Raster data handling with Python
Introduction
Today we will work with Python packages for spatial raster analysis. Python has some dedicated packages to handle rasters:
- OWSLib allows us to download geospatial raster data from Web Coverage Services
- GDAL is powerful library for reading, writing and warping raster datasets
- Rasterio reads and writes geospatial raster data
- rasterstats summarizes geospatial raster datasets based on vector geometries
- NumPy is fundamental package for scientific computing, such as array (thus raster) calculations
Learning objectives
- Be able to read spatial raster formats from web services and files
- Be able to write spatial raster formats to disk
- Know how to apply basic operations on raster data, such as arithmetics
- Be able to plot spatial raster data with Matplotlib
Setting up the Python Environment
Make a directory structure for this tutorial:
cd ~/Documents/
mkdir PythonRaster #or give the directory a name to your liking
cd ./PythonRaster
mkdir data
mkdir output
Like in the previous tutorials, we will create a conda environment
with a .yaml
file:
name: raster
dependencies:
- python
- numpy
- matplotlib
- spyder
- owslib
- gdal
- geopandas
- rasterio
- rasterstats
- affine
- osmnx
After creation, activate the environment, open Spyder, create a script in the root directory, and start coding.

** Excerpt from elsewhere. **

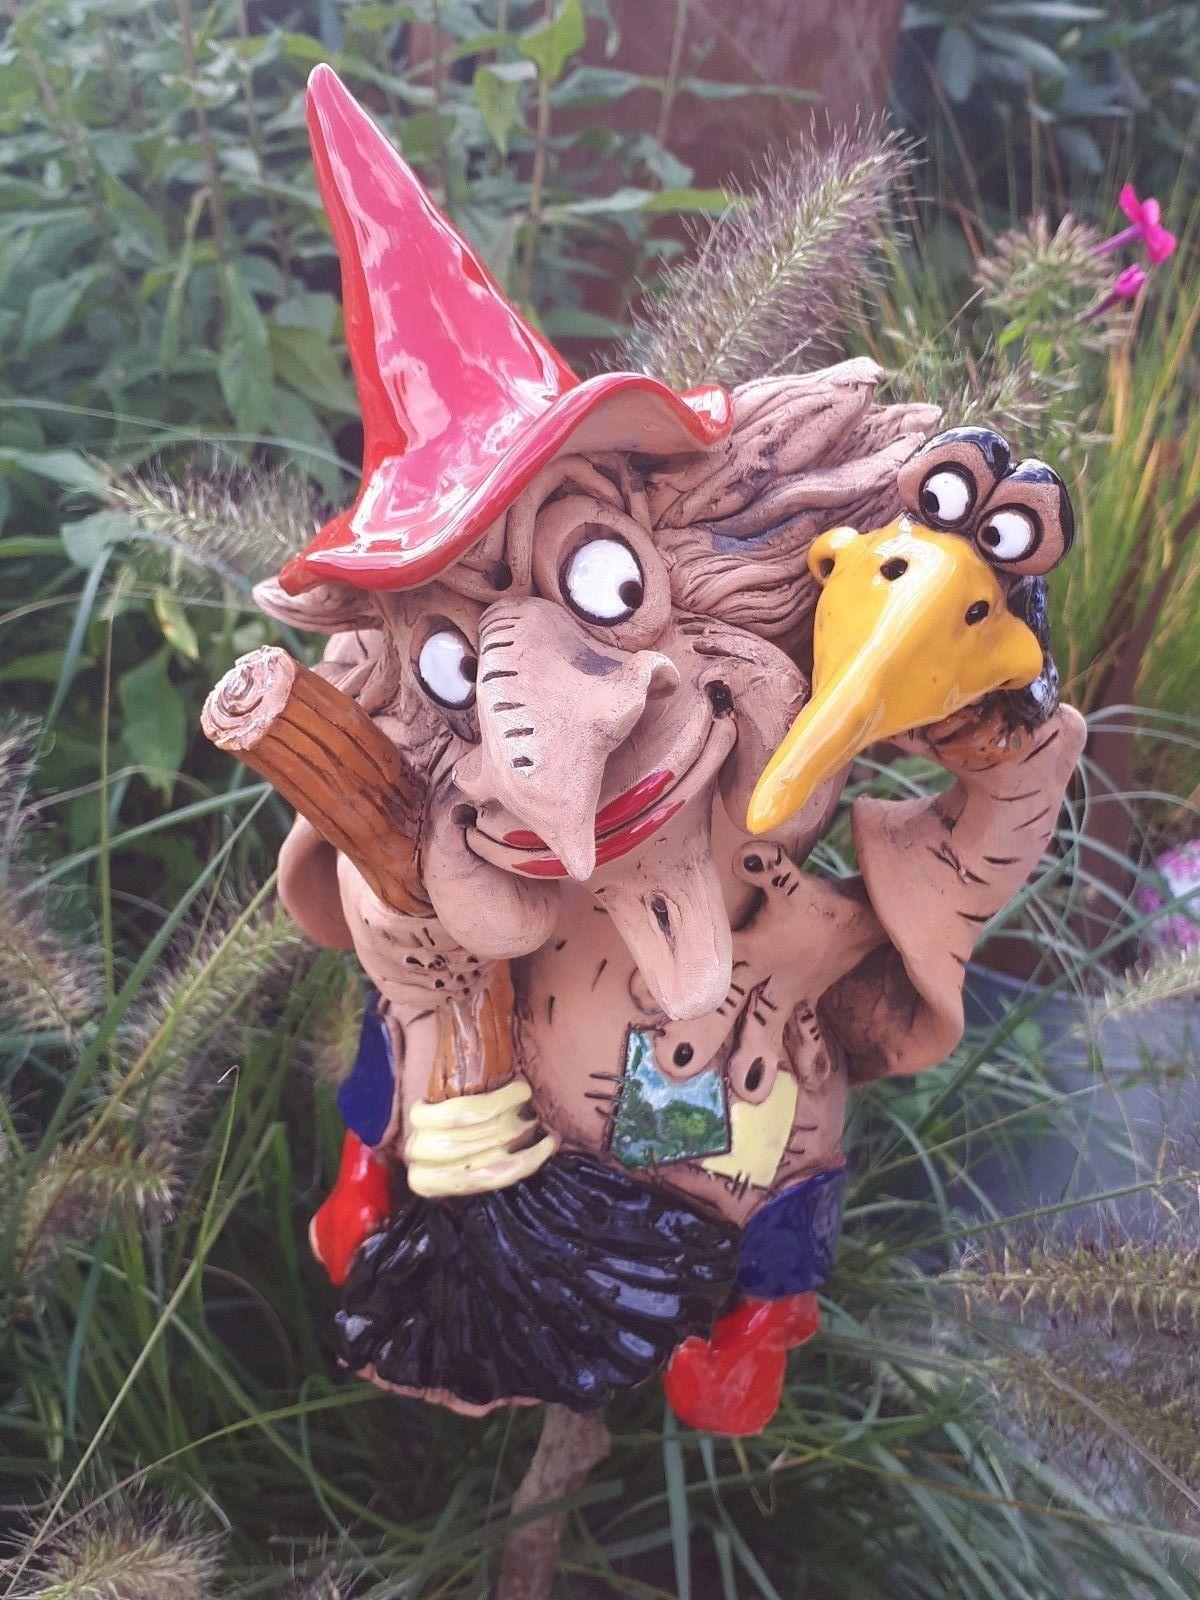 Keramik Hexe Mit Vogel Deko Garten Terrasse Beet Figur Handarbeit Skulptur Rabe Ebay Christmas Ornaments Holiday Decor Novelty Christmas

Reading raster data and accessing metadata
From a Web Coverage Service
A Web Coverage Service (WCS) loads raster data in a similar way as Web Feature Services (WFS) load vector data. Web Coverage Services are a standard by the Open Geospatial Consortium and allow the downloading of geospatial raster data with multiple types of format encoding: GeoTIFF, netCDF, JPEG2000 etc. A Web Map Service [WMS] also exists for rasters; it allows downloading of images but without the data values.
Today we will work with elevation rasters. More specifically, we will have a look at the WCS of the AHN dataset. AHN stands for “Actueel Hoogtebestand Nederland” and is a Digital Elevation Model [DEM] that covers the Netherlands. Access the web coverage service to have a look at the contents:
from owslib.wcs import WebCoverageService
# Access the WCS by proving the url and optional arguments
wcs = WebCoverageService('https://service.pdok.nl/rws/ahn/wcs/v1_0?SERVICE=WCS&request=GetCapabilities', version='1.0.0')
# Print to check the contents of the WCS
print(list(wcs.contents))
Running the last line of code shows that the Web Coverage Service of
the AHN3 contains two rasters: 0.5m DSM, and 0.5m DTM. Raster data of
AHN has the projected coordinate system
RD_New (EPSG: 28992)
.
We can also check what types of operations are available for this WCS:
You will see that the Web Coverage Service allows accessing the data (GetCoverage), the metadata (DescribeCoverage), and the capabilities (GetCapabilities). These are all standard protocols defined by the OGC.
Several functions are available to access specific metadata of each individual raster, for example:
# Take the 0.5m DSM as an example
cvg = wcs.contents['dsm_05m']
# Print supported reference systems, the bounding box defined in WGS 84 coordinates, and supported file formats
print(cvg.supportedCRS)
print(cvg.boundingBoxWGS84)
print(cvg.supportedFormats)
Let us have a look at the data itself. As we do not want to overload the web service, we download once and store the data locally.
Download the Digital Surface Model [DSM], which is the the ‘dsm_05m’ version, and Digital Terrain Model [DTM], which is the ‘dtm_05m’ version, to a local file. The difference between a DEM, DSM and DTM is explained on the GIS StackExchange.
import os
# Define a bounding box in the available crs (see before) by picking a point and drawing a 1x1 km box around it
x, y = 174100, 444100
bbox = (x - 500, y - 500, x + 500, y + 500)
# Request the DSM data from the WCS
response = wcs.getCoverage(identifier='dsm_05m', bbox=bbox, format='GEOTIFF',
crs='urn:ogc:def:crs:EPSG::28992', resx=0.5, resy=0.5)
# Write the data to a local file in the 'data' directory
with open('data/AHN3_05m_DSM.tif', 'wb') as file:
file.write(response.read())
# Do the same for the DTM
response = wcs.getCoverage(identifier='dtm_05m', bbox=bbox, format='GEOTIFF',
crs='urn:ogc:def:crs:EPSG::28992', resx=0.5, resy=0.5)
with open('data/AHN3_05m_DTM.tif', 'wb') as file:
file.write(response.read())
Before continuing, please check if this step was successful (Hint: you can check if files have been written into corresponding directory).
From a file with GDAL
GDAL handles raster and vector geospatial data formats with Python, Java, R and C APIs. When opening a raster file in gdal, the object has a hierarchical structure starting at the Dataset level. A Dataset has a Geotransform (metadata) and can contain one or more Bands. Each Band has a Data array and potentially Overviews.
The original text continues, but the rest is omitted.